20th-century classical music describes art music that was written nominally from 1901 to 2000,
inclusive. Musical style diverged during the 20th century as it never had previously. So this century
was without a dominant style. Modernism, impressionism, and post-romanticism can all be traced to
the decades before the turn of the 20th century, but can be included because they evolved beyond
the musical boundaries of the 19th-century styles that were part of the earlier common practice
period. Neoclassicism and expressionism came mostly after 1900. Minimalism started much later in
the century and can be seen as a change from the modern to post-modern era, although some date
post-modernism from as early as about 1930. Aleatory, atonality, serialism, musique
concrète, electronic music, and concept music were all developed during the century. Jazz and
ethnic folk music became important influences on many composers during this century.

History
At the turn of the century, music was characteristically late Romantic in style.
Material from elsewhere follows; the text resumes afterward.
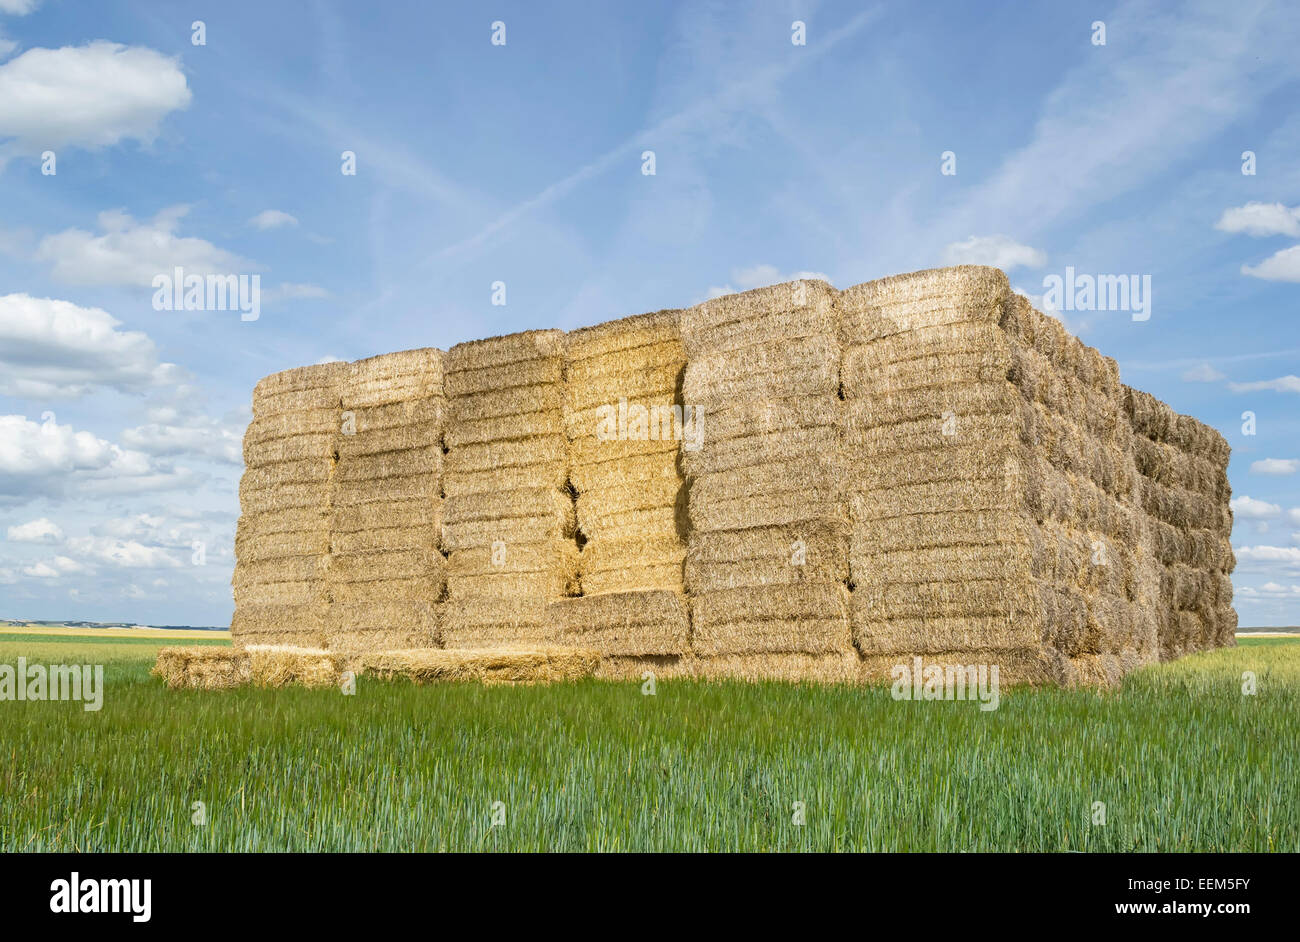 Huge pile of straw bales stacked on top of each other after being gathered from the field Stock Photo
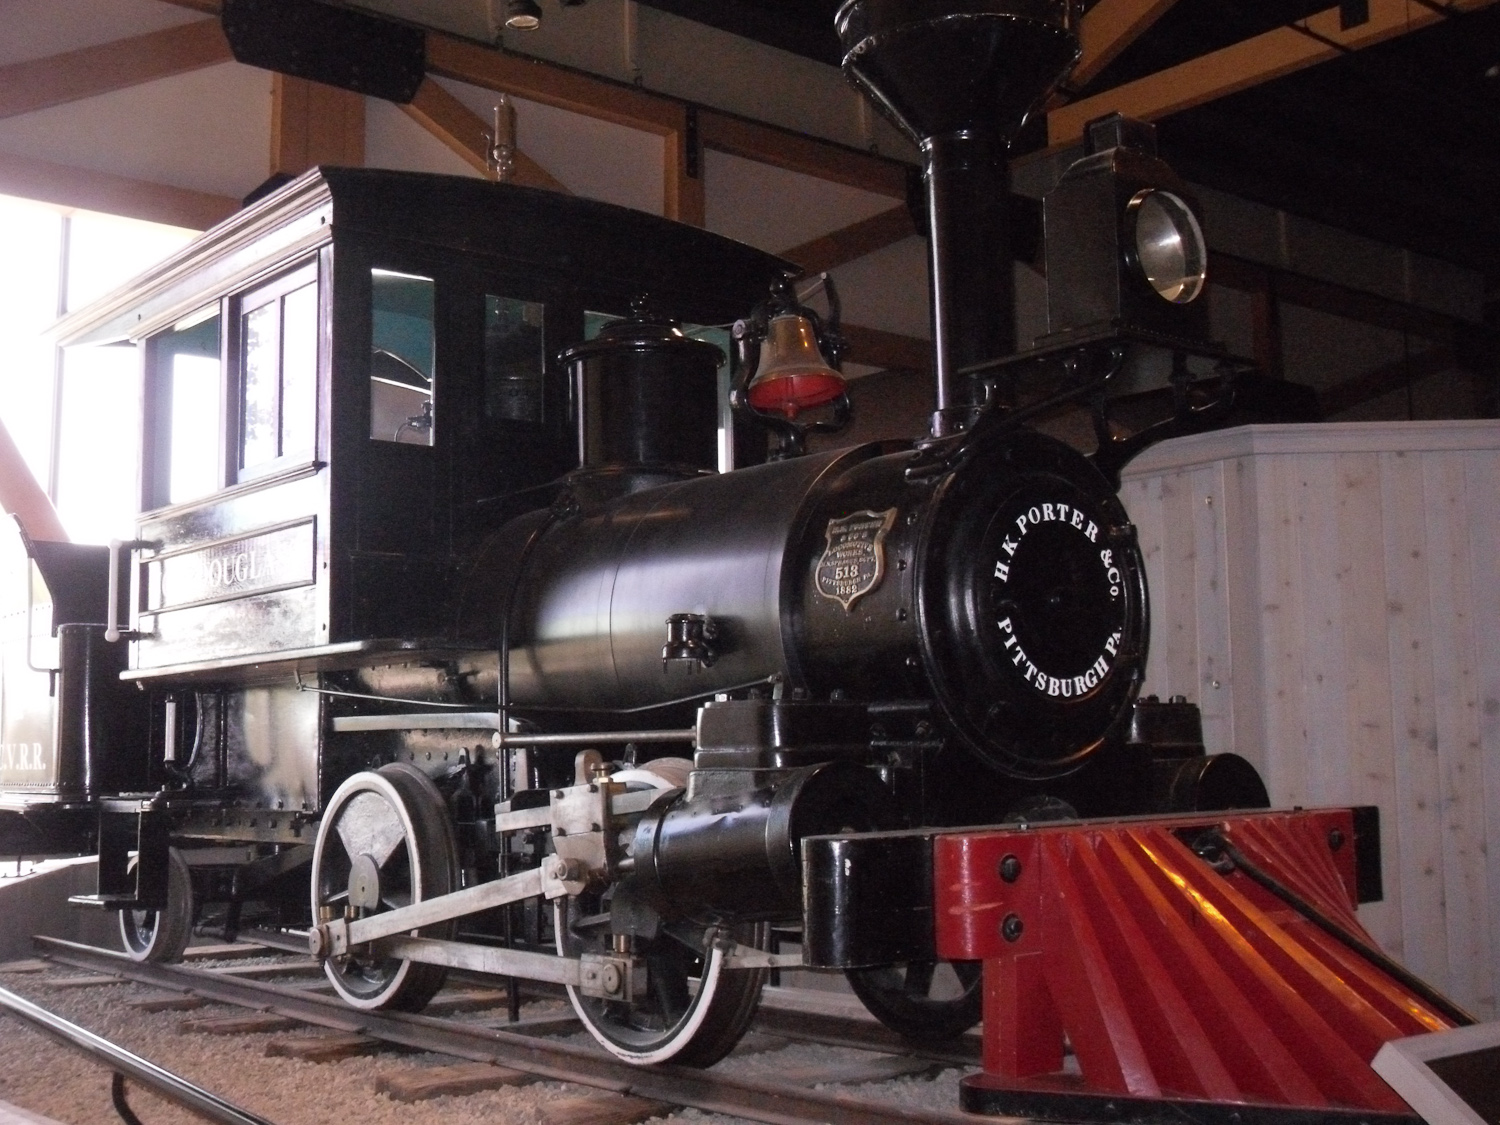 The Joe Douglass narrow gauge engine used for hauling ore from Carson Valley mill sites to Dayton and Sutro.

Composers such
as Gustav Mahler, Richard Strauss and Jean Sibelius were pushing the bounds of post-
Romantic symphonic writing. At the same time, the Impressionist movement, spearheaded
by Claude Debussy, was being developed in France. Debussy in fact loathed the term
Impressionism: "I am trying to do 'something different—in a way realities—what the imbeciles call
'impressionism' is a term which is as poorly used as possible, particularly by art critics".[1] Maurice
Ravel's music, also often labelled as impressionist, explores music in many styles not always related
to it (see the discussion on Neoclassicism, below).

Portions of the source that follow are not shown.